Of course, in addition, no sporting event is complete without spectators. Those who would rather see the races live than on TV are encouraged to attend this September and join the crowd.
“This is the only major sporting event that is free to watch. I’m not selling any tickets. People can come, walk around the course, bring their families and have a picnic,” suggests Leblanc.
Putting on a great event
Since the very beginning, the Grands Prix Cyclistes have put in a lot of logistic effort to make sure the riders have a safe but difficult sporting challenge. Since their background is in television production (the Grands Prix Cyclistes de Québec et de Montréal are a part of Groupe Serdy) they have put effort toward the production of the international feed signal which is broadcasted in 130 countries around the world. In fact, they were among the first to produce cycling in HD in 2010. The quality of the production helped them develop solid partnerships with Eurosport, IMG and locally, with TVA Sports. Since 2010, the Grands Prix Cyclistes have received great media coverage from around the world throughout the week of the races in September.

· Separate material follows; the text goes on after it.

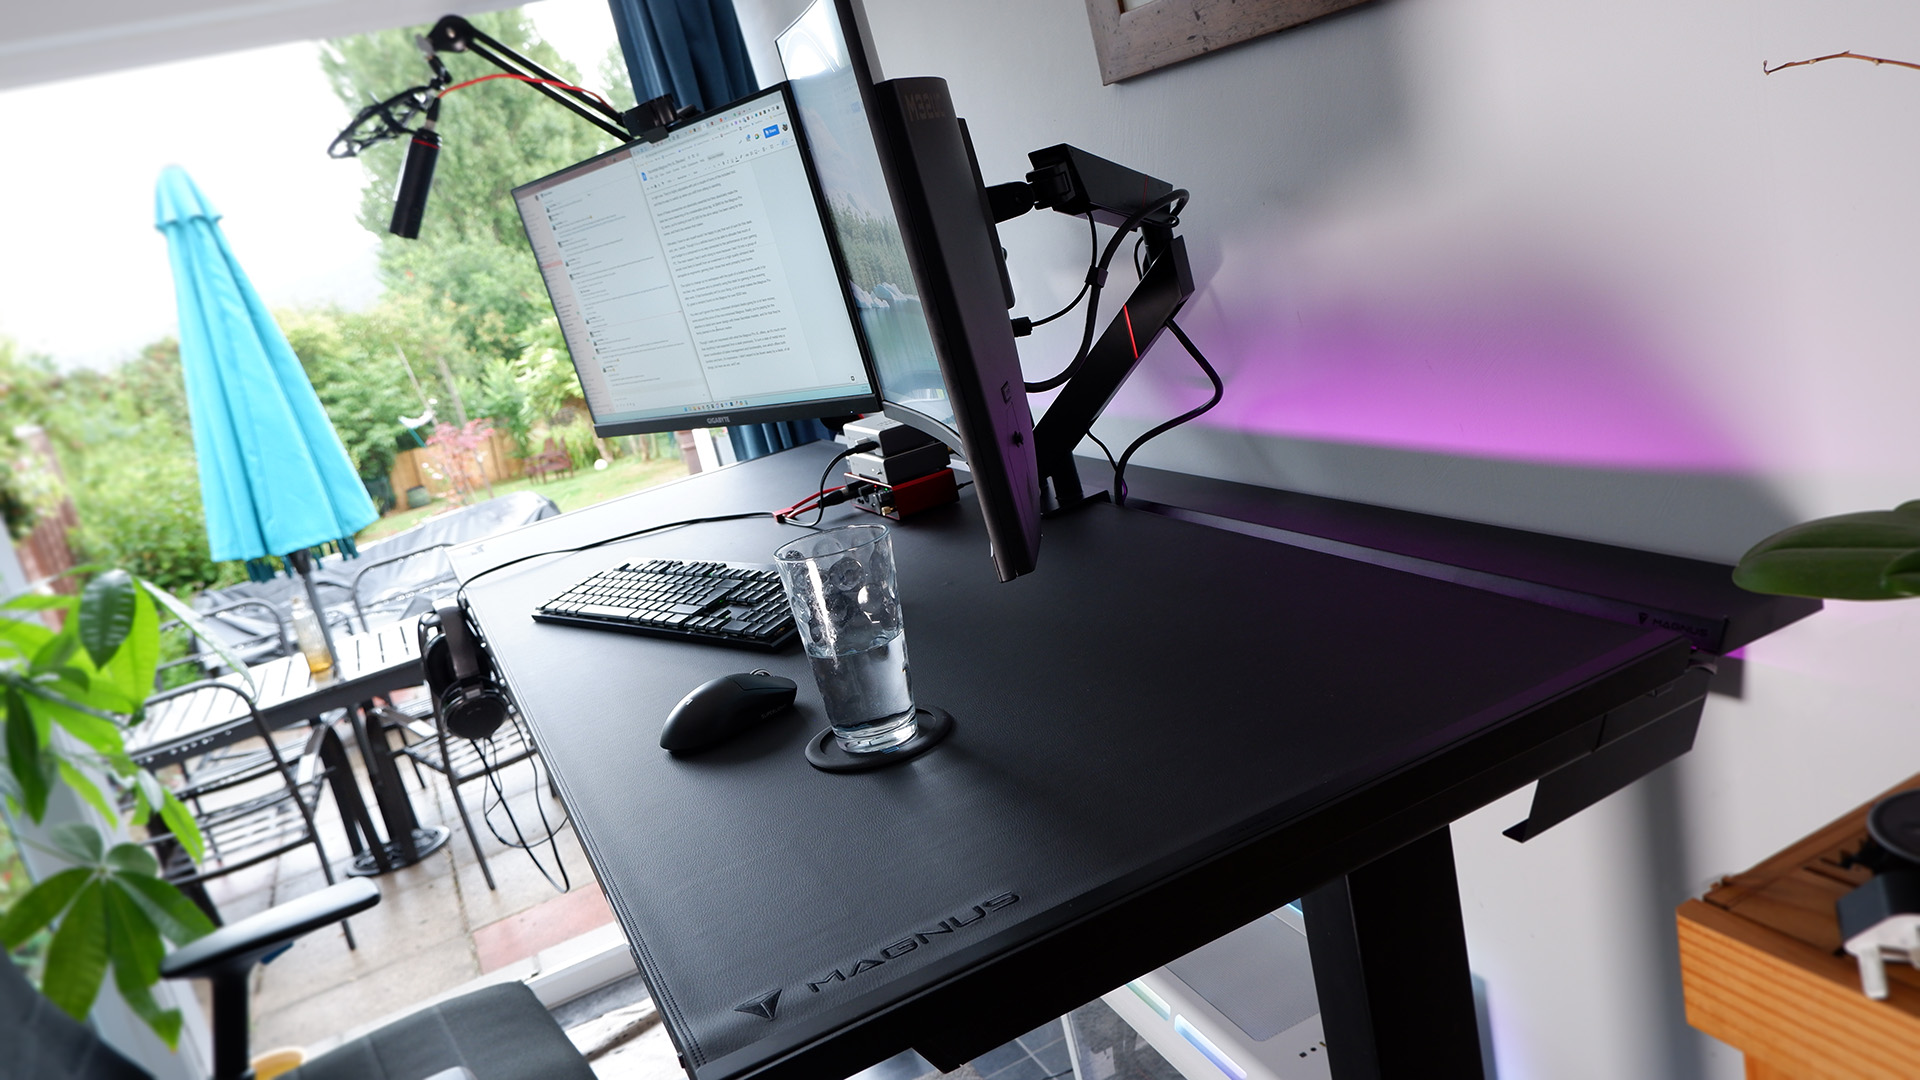 Inside Look  Secretlab MAGNUS Pro Sit-to-Stand Metal Desk

For their partners, this is of great value because of the visibility received by Canada, Québec, and the cities of Montréal and Québec. It is also beneficial to their private sponsors. They have just renewed their partnerships with Montréal and Québec City until 2019. This is a great vote of confidence, and it pushes the Grands Prix Cyclistes to develop the races and try to do even better than they already have.
Because cycling isn’t a big part of Canadian sporting culture, as is the case in Europe, the Grands Prix Cyclistes initially had a large workload. But, after five years they have managed to build a solid fan base, as an average of 200,000 spectators show up around the courses every year, rain or shine. To conclude, this is the only major sporting event that is free to attend for everyone. Furthermore, if you come close to the start line early enough, you’ll be able to chat with the riders. They’re great professionals, but also very easy going. They will be happy to sign autographs and even have their picture taken with you. The Grands Prix Cyclistes would like to encourage readers to come out and enjoy the show, and take advantage of the luck we have to be able to host two races of this calibre in Canada.